RaeSkywalker Fri 01-Dec-17 19:49:58

How did you find out?

I’d start looking for something else.

Julie8008 Fri 01-Dec-17 19:53:00

Maybe they paid the previous employee to much and have realised their mistake. I think asking for a performance related pay bonus would be fair and if they dont come up with something you can live with, then hand in your notice.

But it would be childish to stay and not give it your best.

Julie8008 Fri 01-Dec-17 19:53:44

Obviously you thought the pay was enough when you accepted the job, nothing has changed other than your perception.
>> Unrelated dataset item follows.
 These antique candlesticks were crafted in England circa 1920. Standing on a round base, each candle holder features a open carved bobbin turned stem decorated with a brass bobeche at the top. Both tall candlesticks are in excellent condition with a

Caroelle Fri 01-Dec-17 19:54:58

Try again and show that you will not be fobbed off. Could you write a list of the work that you have done and the benefits to the company that you have brought. Show the additional skills that you have used and how this has benefitted them. Suggest that your salary be increased to the salary the previous incumbent was on when they left plus another 5%. Show them what they will lose if you move on. If they say that they can’t afford it identify where savings can be made. If they then say no, look for another job.

Millybingbong Fri 01-Dec-17 19:57:39

I don't really see the issue. You were appointed to d a job at a salary you agreed with. Previous arrangements are not really relevant. It would be different if there were a number of you employed there now doing the same job on different wages.
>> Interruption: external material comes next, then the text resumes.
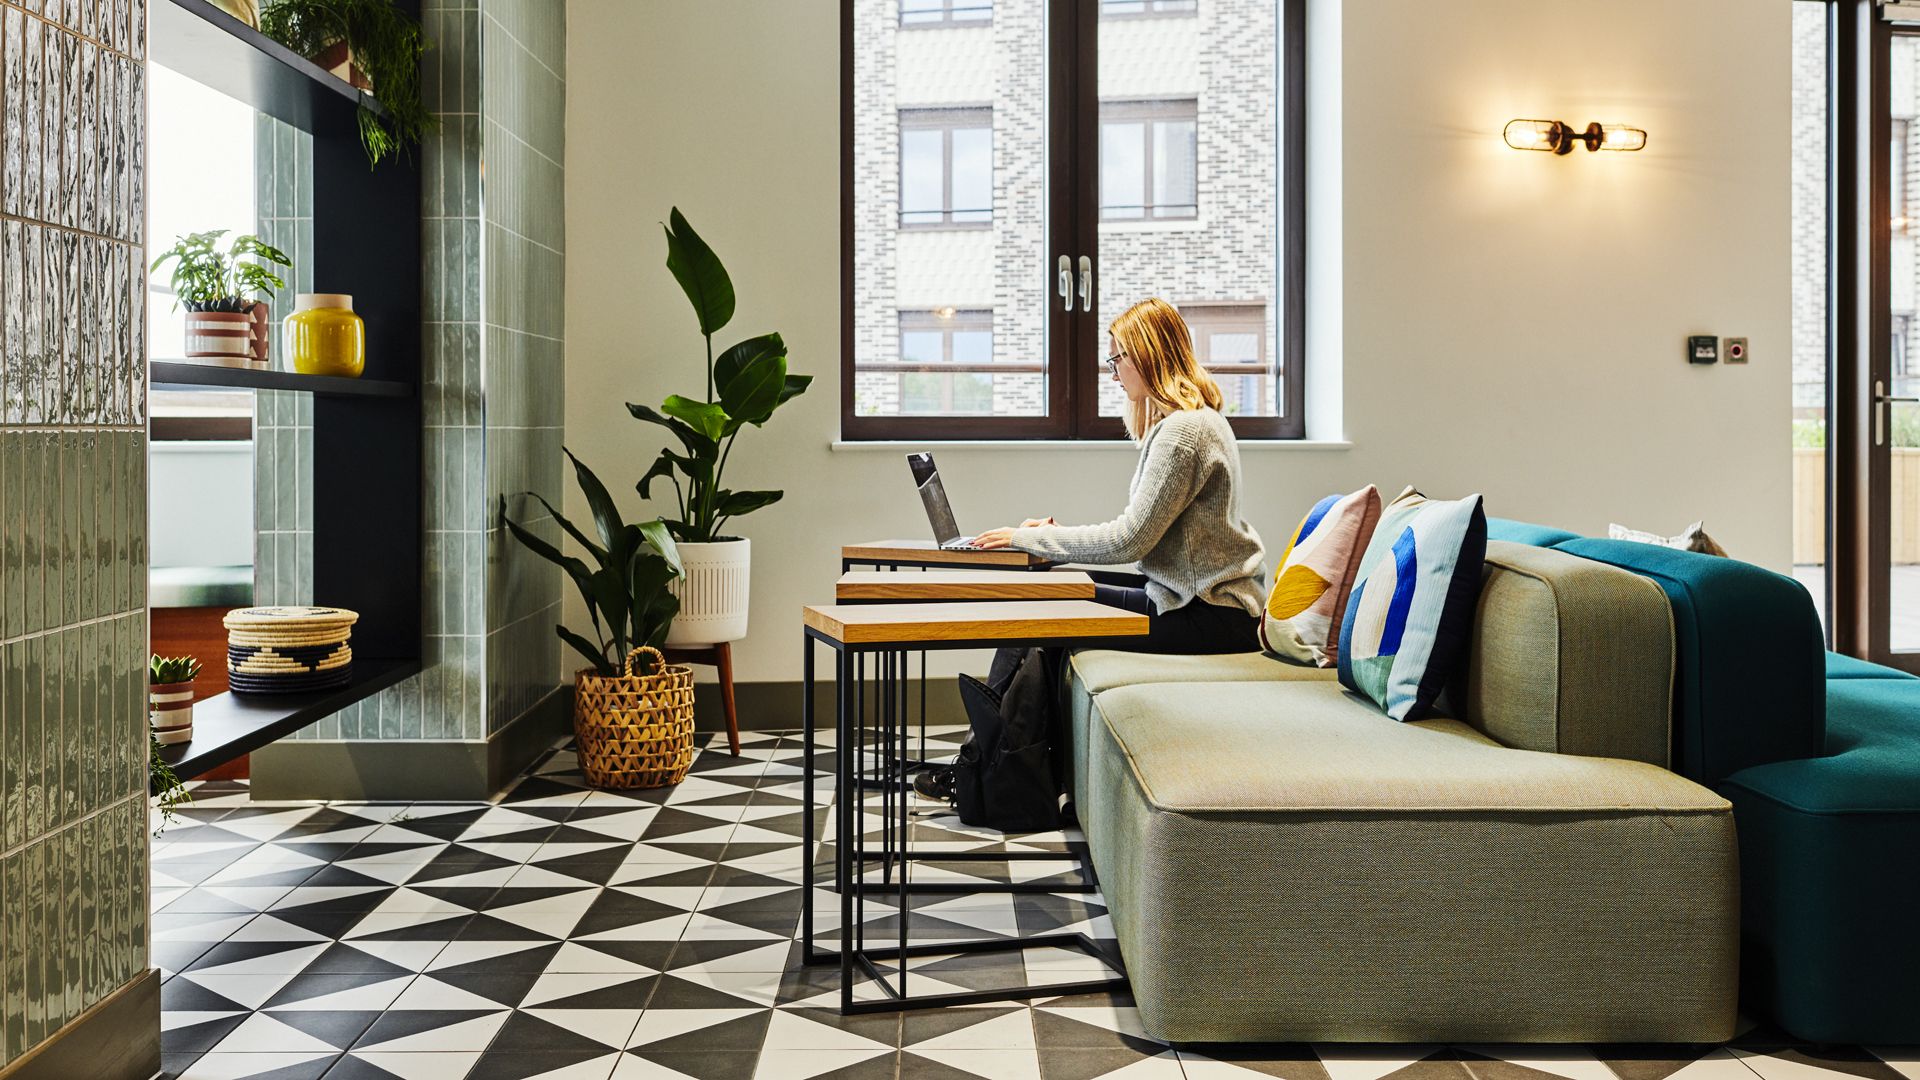 What are co-living spaces and how much do they cost?

I might however seek a performance related increase and if that were not forthcoming I might start to look elsewhere.

Trills Fri 01-Dec-17 19:57:52

What the previous employee made is not a particularly relevant data point here.

It was a different time, a different person, possibly a different job.

What you will make elsewhere when you leave, if they don't pay you properly, is relevant.

timeisnotaline Fri 01-Dec-17 20:00:01

I think try again as caroelle suggests minus where else they could save, as you know they don't need to and its not your problem. They need to pay people what they are worth or they can't run a business. Im mainly suggesting because it's such a good opportunity to practice negotiating and selling yourself. Start job hunting.

foxyloxy78 Sat 02-Dec-17 11:32:08

How did you find out what the other person was on? Start looking for a new job. There's no real future in this company. They are clearly taking advantage of you and don't value you. They will beg you to stay when you hand in your notice, but stay strong.